YEARS AGO, MOVIEGOERS FLOCKED TO FOREIGN FILMS to learn about other cultures. (Okay, so the sex might have had something to do with it.) It’s time again to see what other countries’ movies can tell us about the world we live in:

Kandahar Feminist Iranian (!) film about a journalist returning to her native Afghanistan; authenticity gets it past some amateur acting—as does an eye for the surreal (and even darkly comic) aspects of Taliban-era misery.

Amores Perros Like a Mexican mirror image of Traffic, this raw, intense drama interweaves three tales of unrequited love that sweep from the serene penthouses of the rich to the sardine-packed flats of the criminal poor.

L.627 The camaraderie, casual corruption and absurdity of everyday police work in a Paris of drugs and immigrants, captured with the charged-up realism of a great 70s movie like Dog Day Afternoon.

My Son the Fanatic From the writer of My Beautiful Laundrette, another tart and lively multicultural mix, about a worldly Pakistani cabbie in England whose son is drifting into fundamentalism.

Lamerica Sardonic take on how the post-Communist East opened up to the capitalist West; an Italian seeking a fast buck in Albania winds up on a journey through that land that history forgot.

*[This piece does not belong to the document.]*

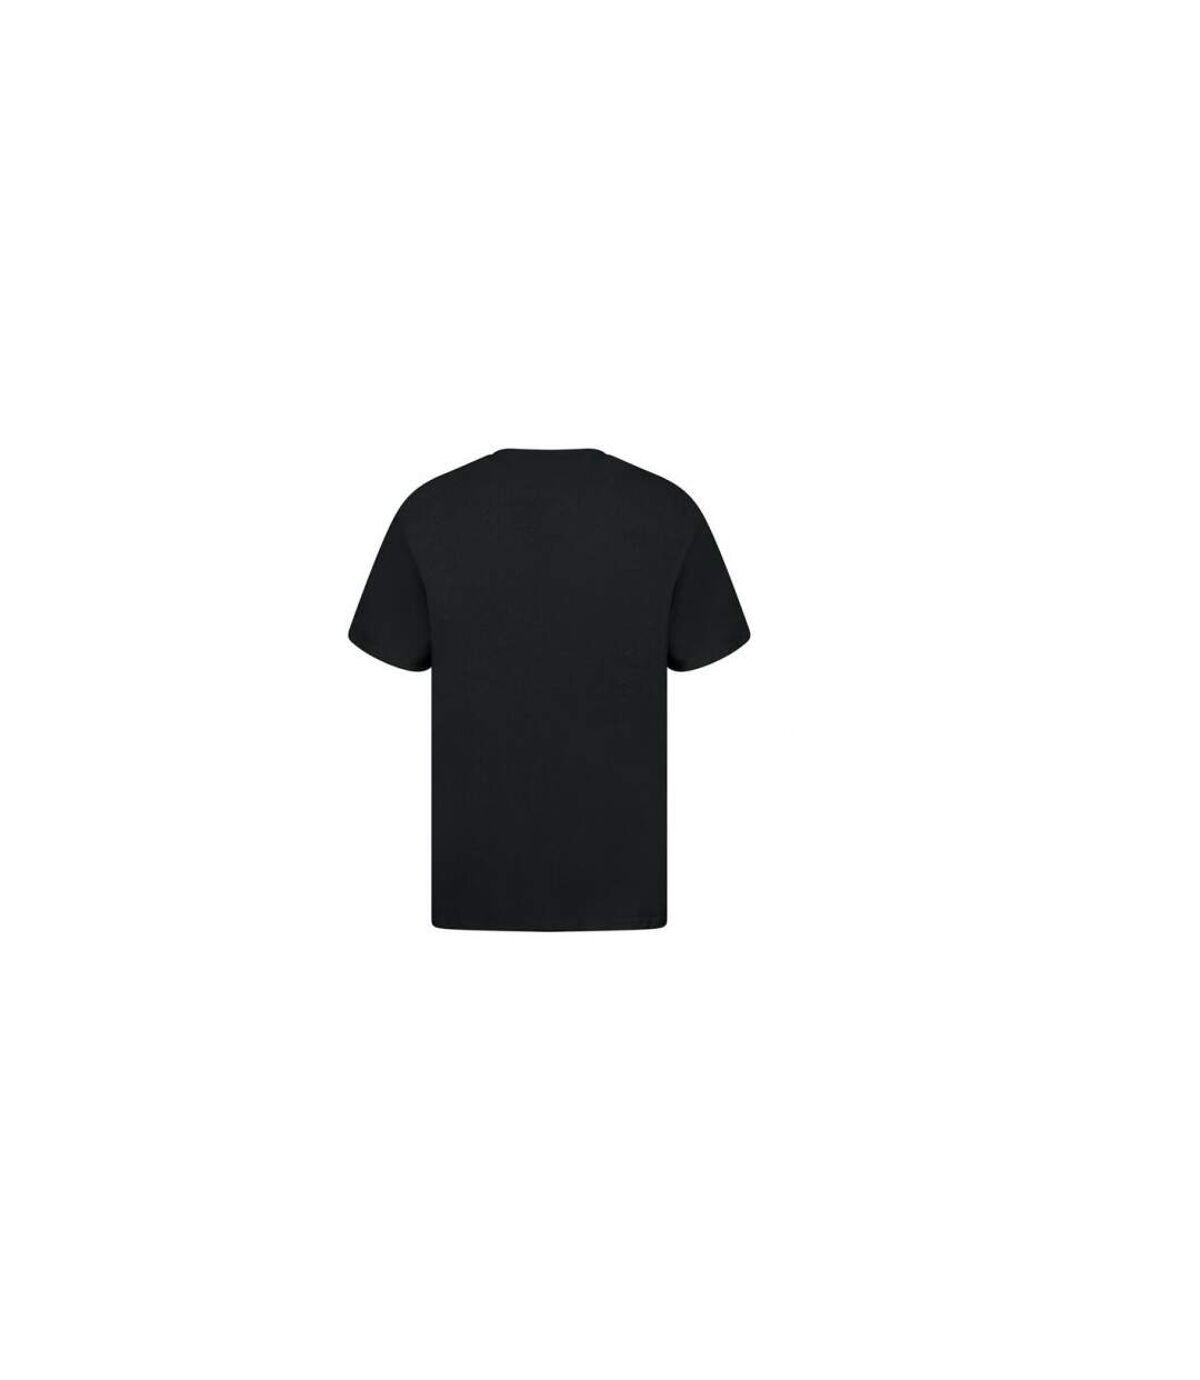 Casual Classic Mens Ringspun Tee (Black) - UTAB261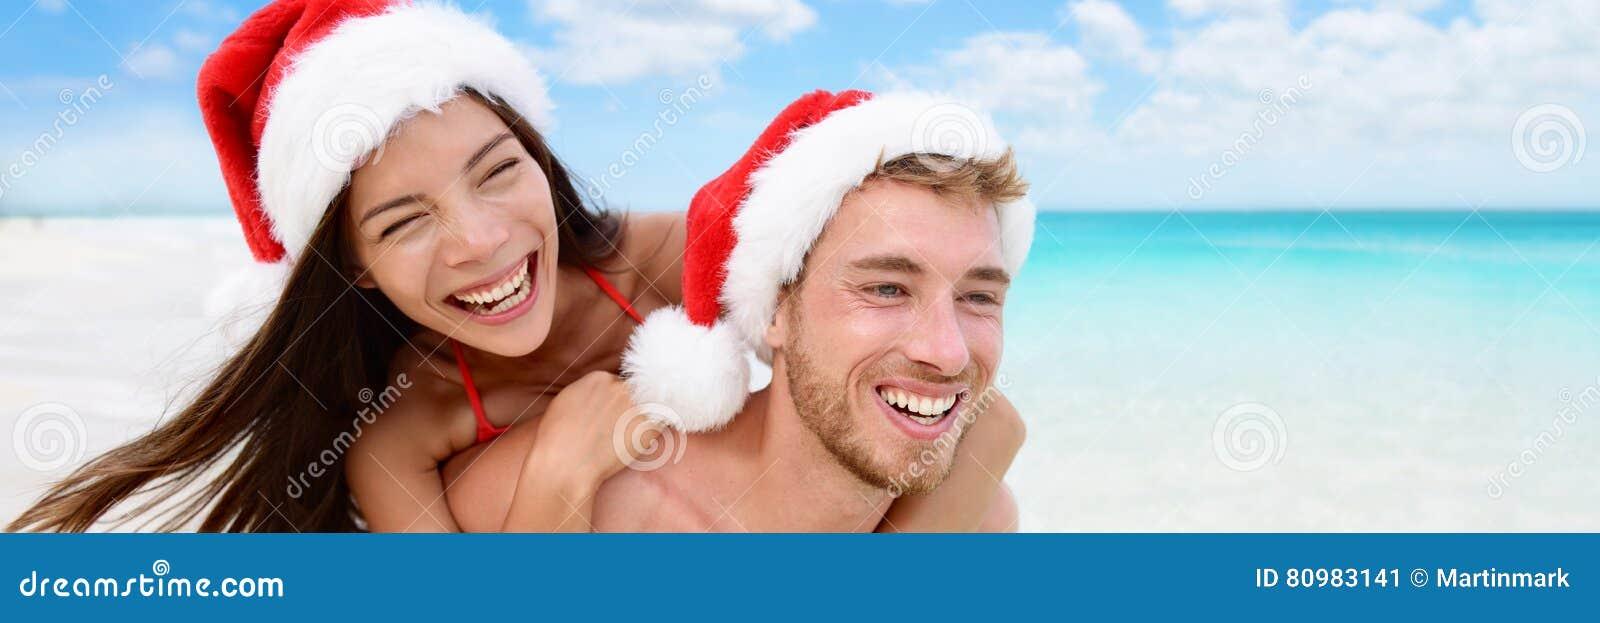 Ευτυχές έμβλημα ζευγών γυναικών και ανδρών διακοπών Χριστουγέννων

Lagaan Epic musical about an Indian town that challenges the cruel British to a life-or-death cricket match (played out between dreamily romantic song and dance numbers). What’s that doing on this list? Well, nothing illustrates the paradox of global culture better than a fun piece of pop candy like this, nominally anti-Western—but happy to use every trick in the Hollywood book.